* Aim of the exercise: In your copy, leave out the pictures and reproduce the listing below exactly.

Top of Source data

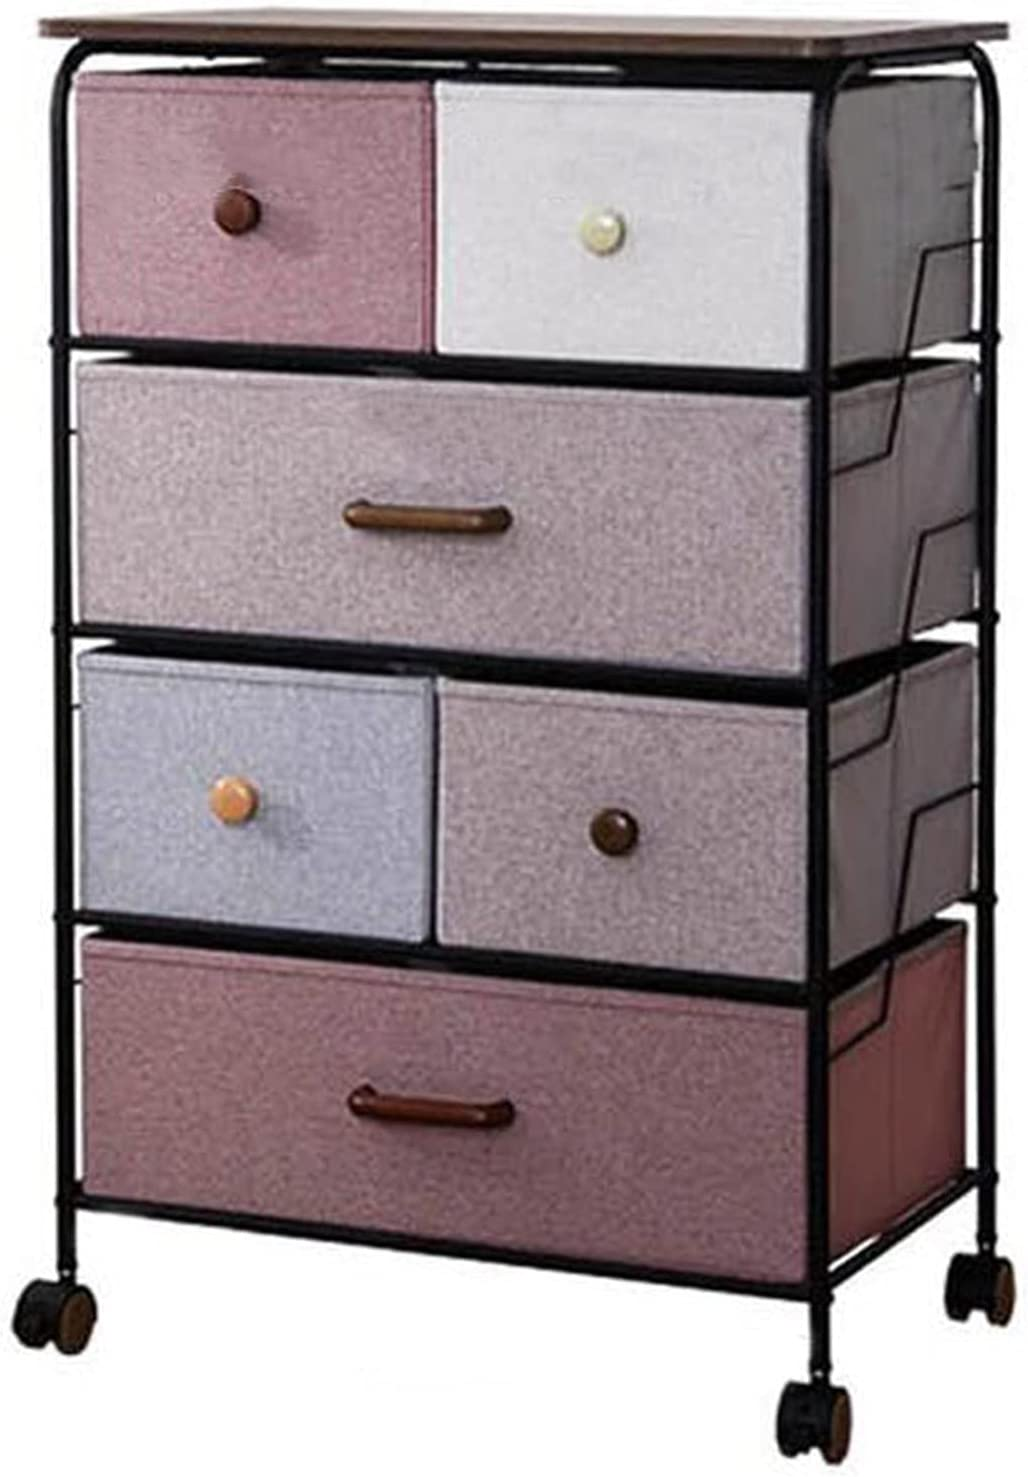 ACD Fabric Dresser for Choice Organizer Bedroom Japan Maker New Drawer
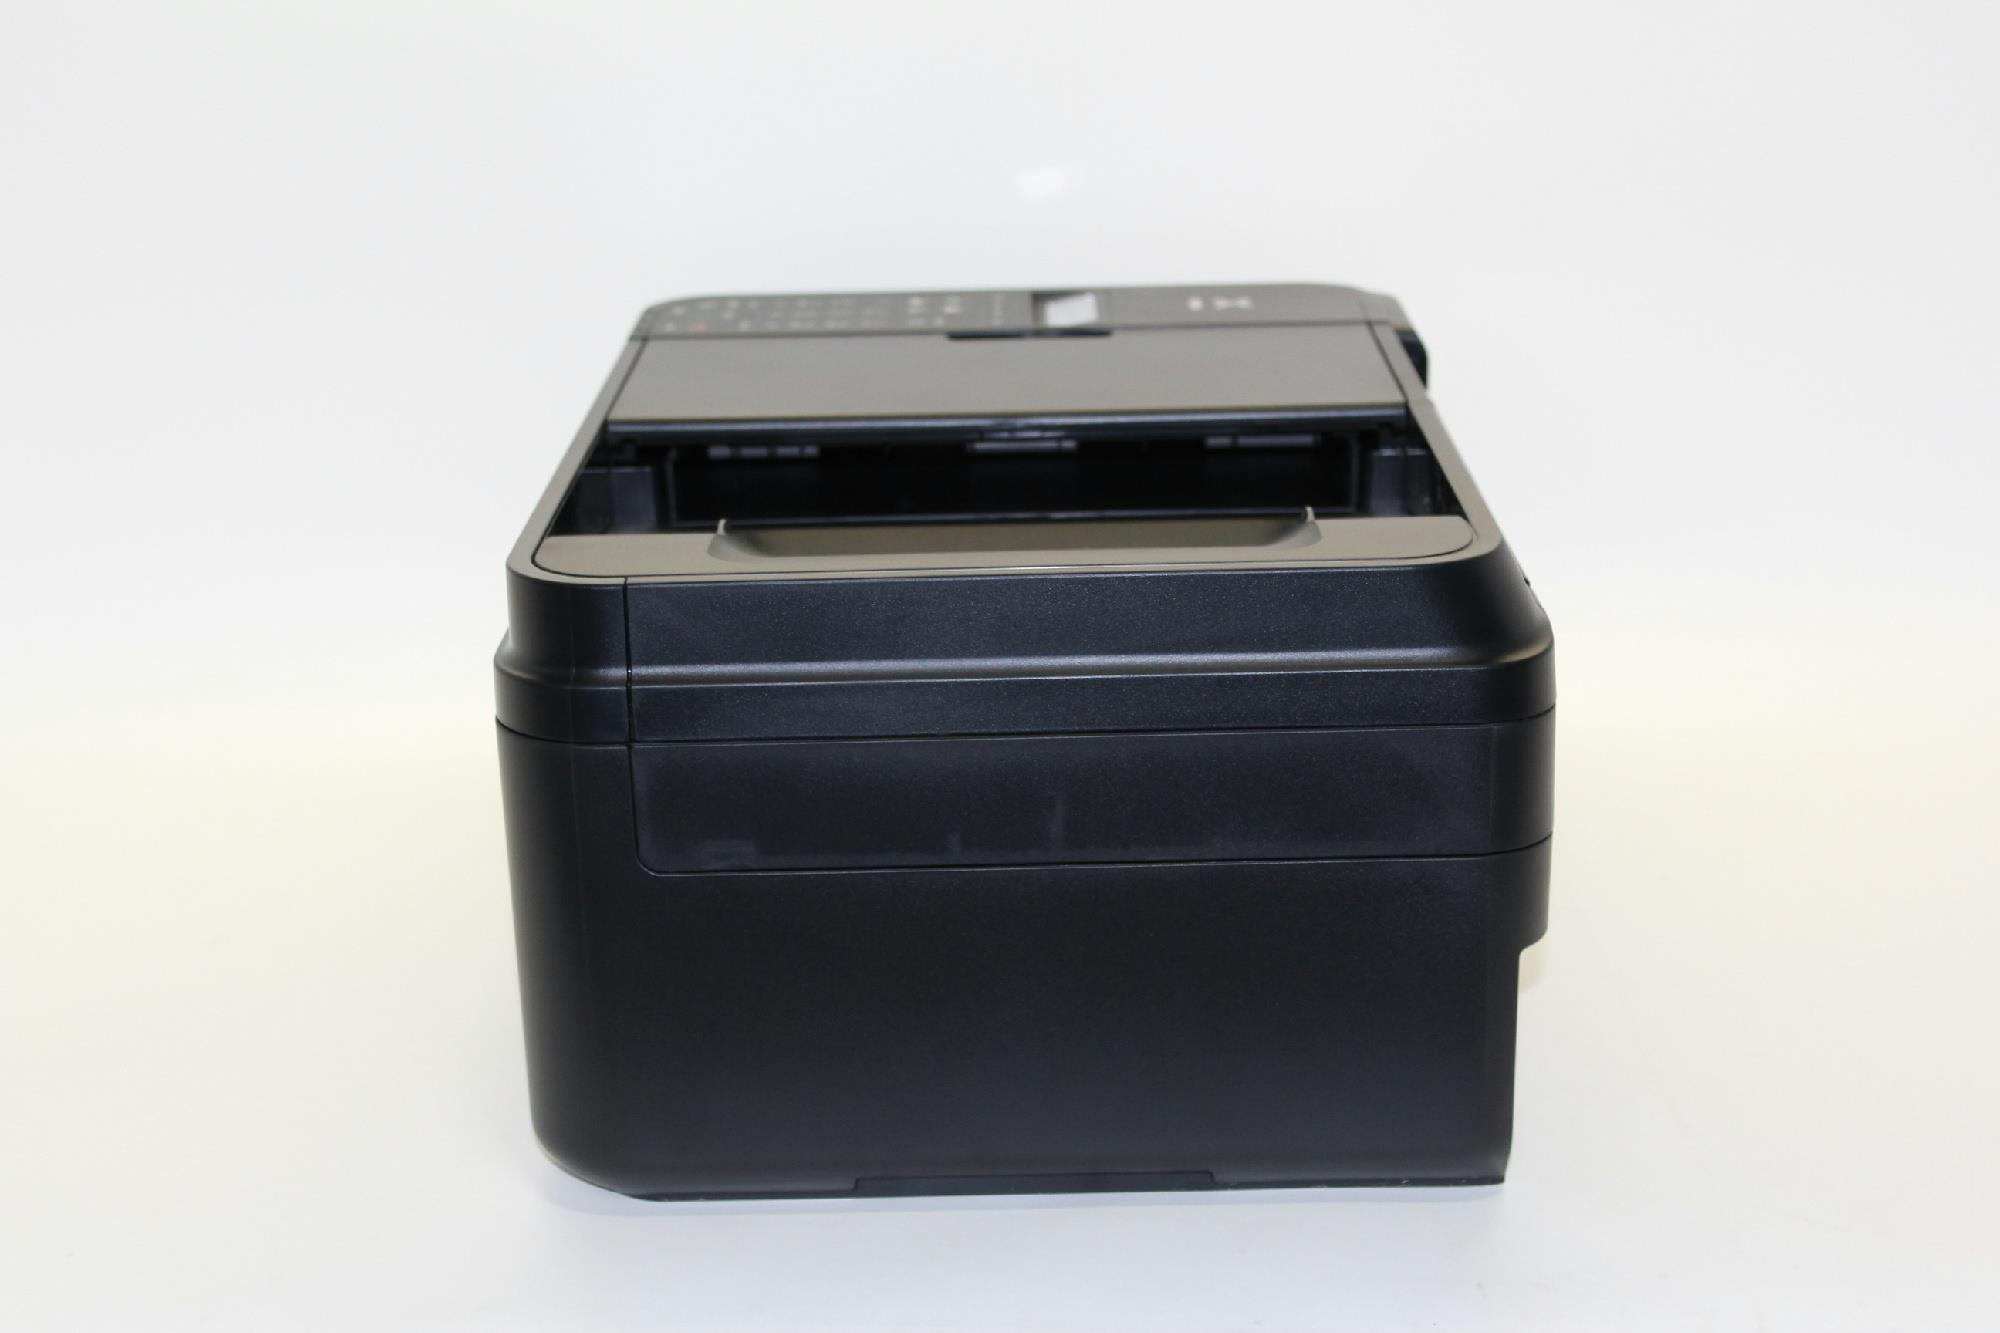 canon pixma all in one inkjet wireless office machine
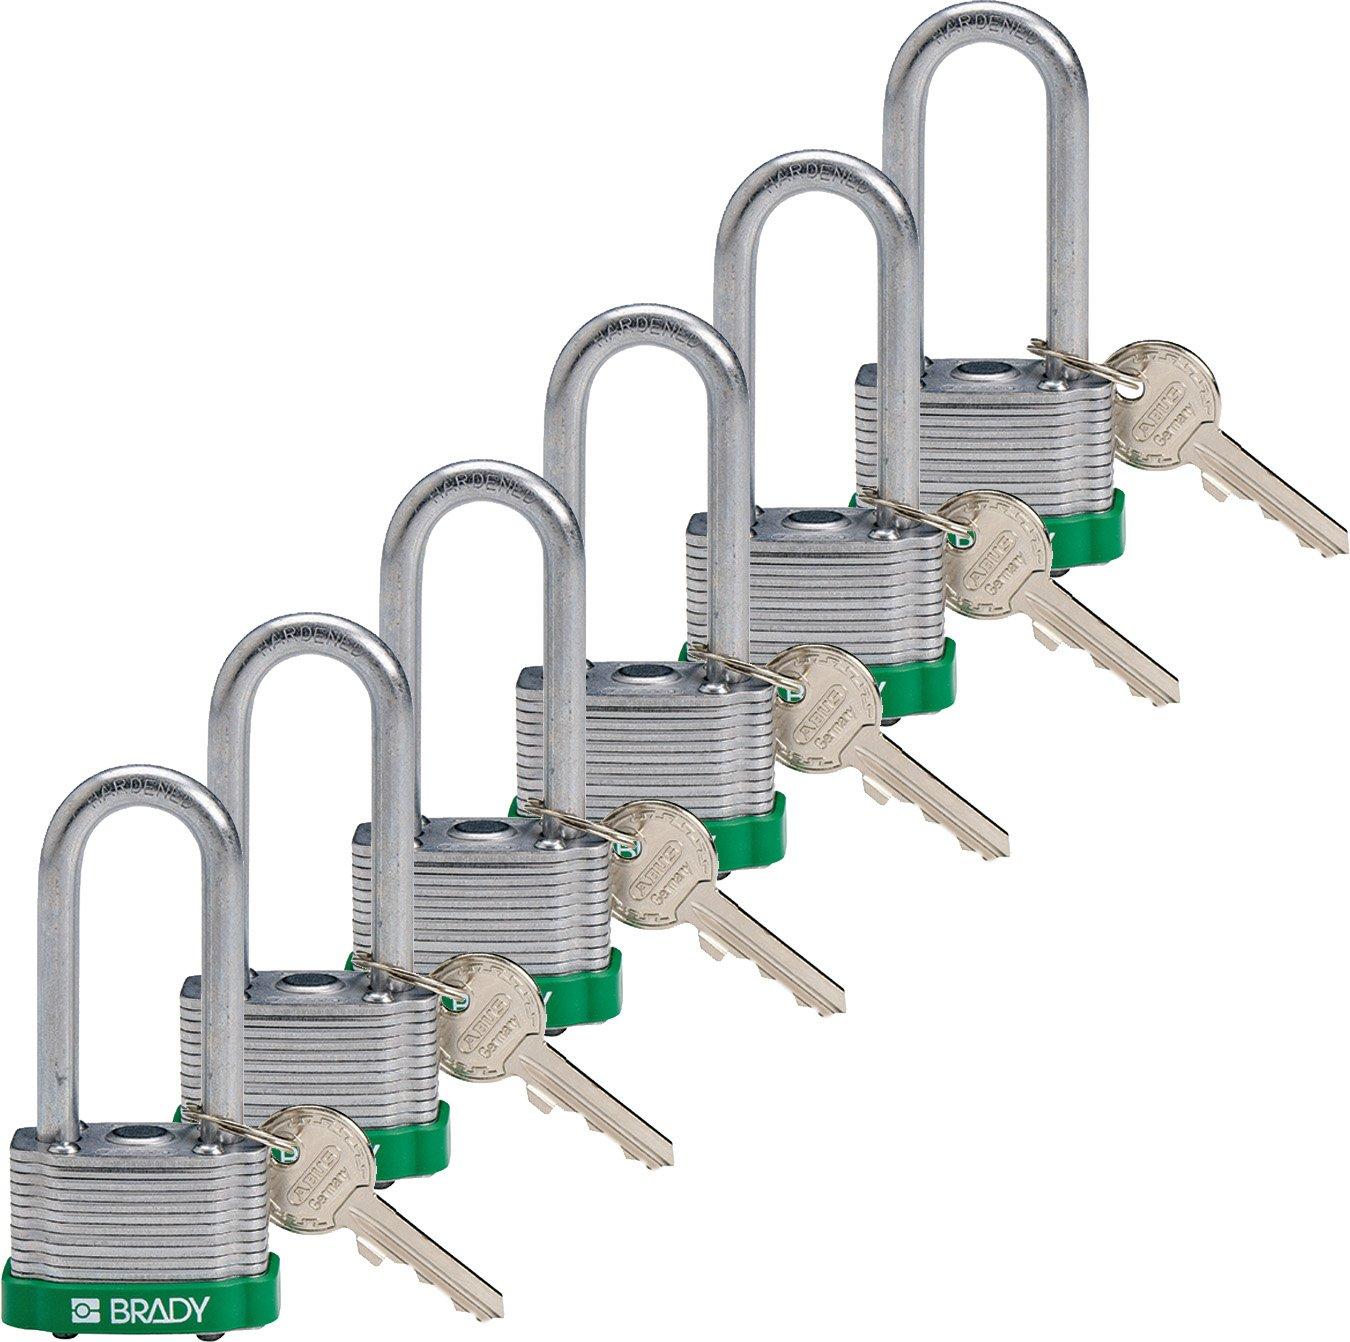 Brady 118976 Green, Key Retaining Steel PadLock - 2'' Shackle - Keyed Alike (6 Locks)
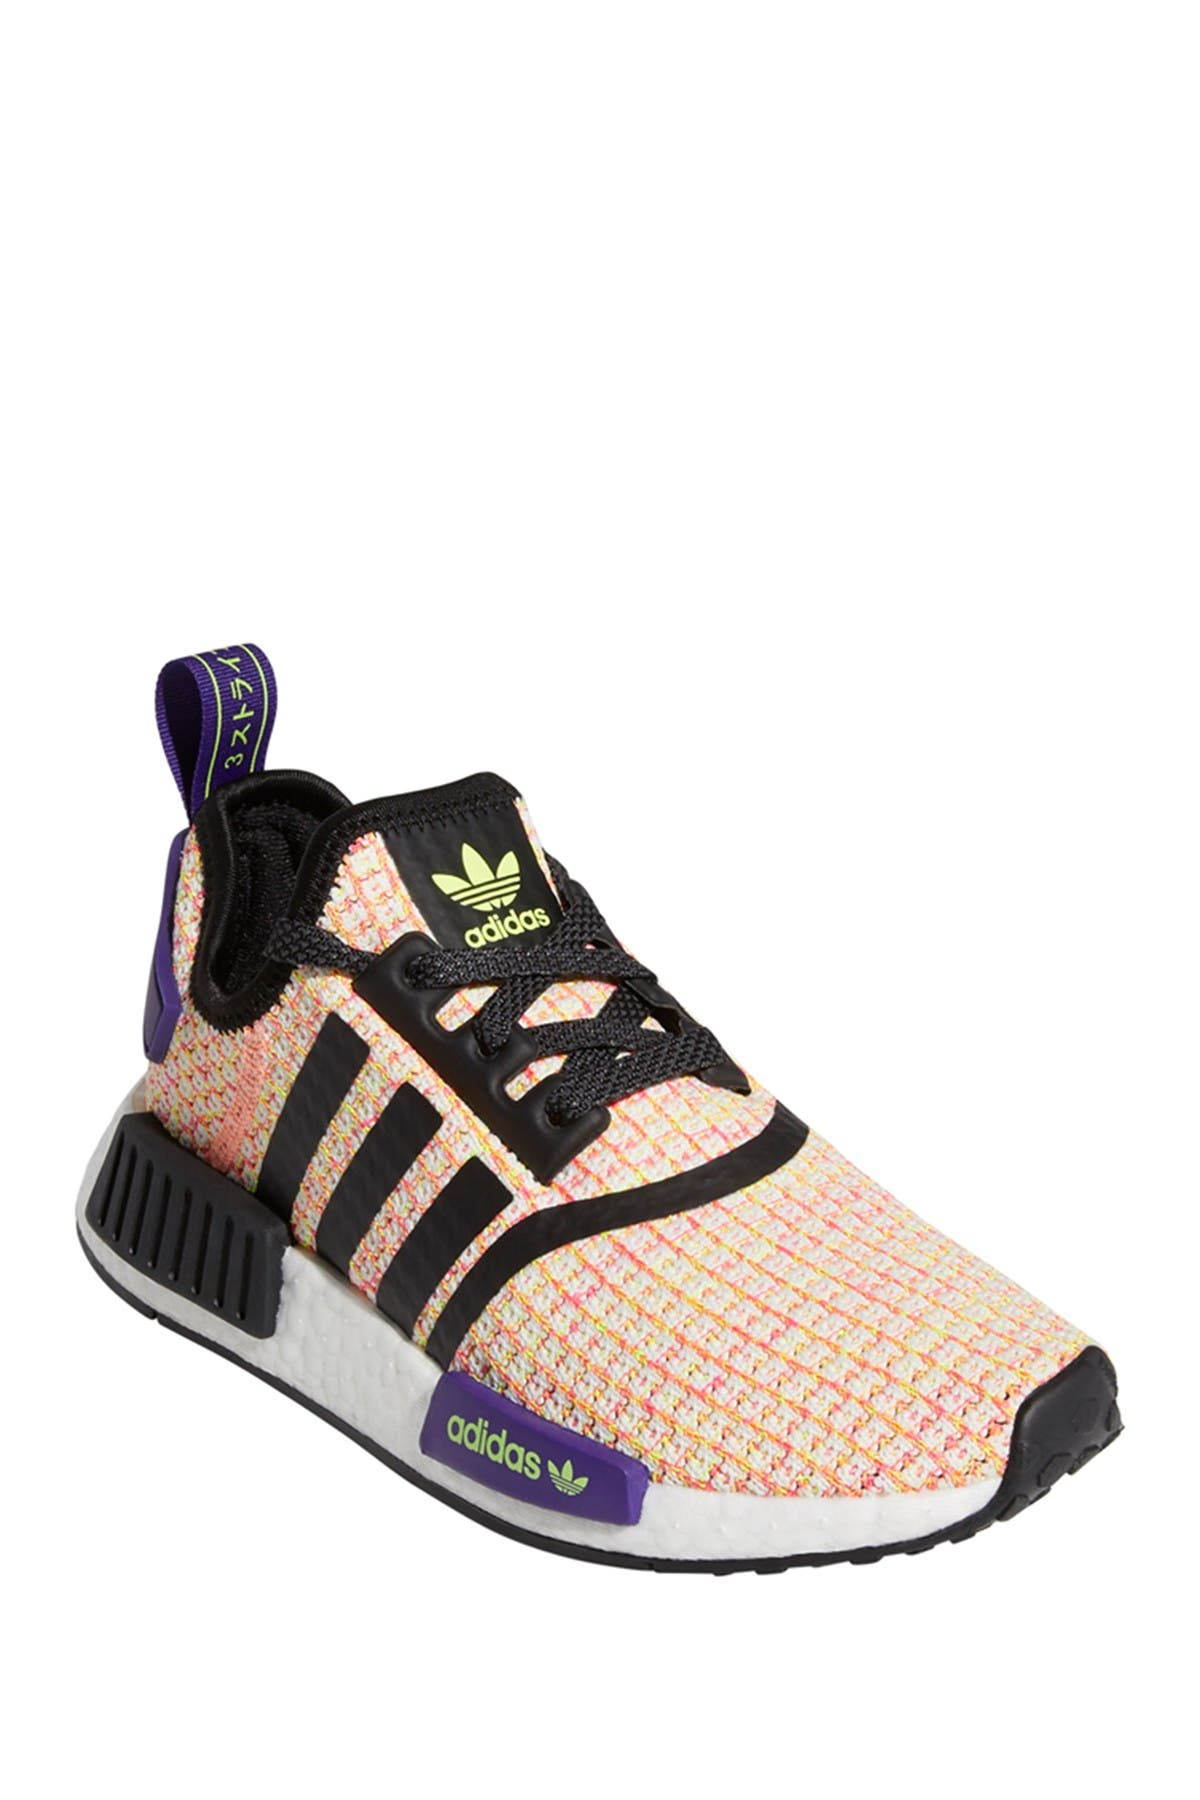 Image of adidas NMD R1 Sneaker

Bottom of Source data

* Completed exercise:
 ACD Fabric Dresser for Choice Organizer Bedroom Japan Maker New Drawer
 canon pixma all in one inkjet wireless office machine
 Brady 118976 Green, Key Retaining Steel PadLock - 2'' Shackle - Keyed Alike (6 Locks)
 Image of adidas NMD R1 Sneaker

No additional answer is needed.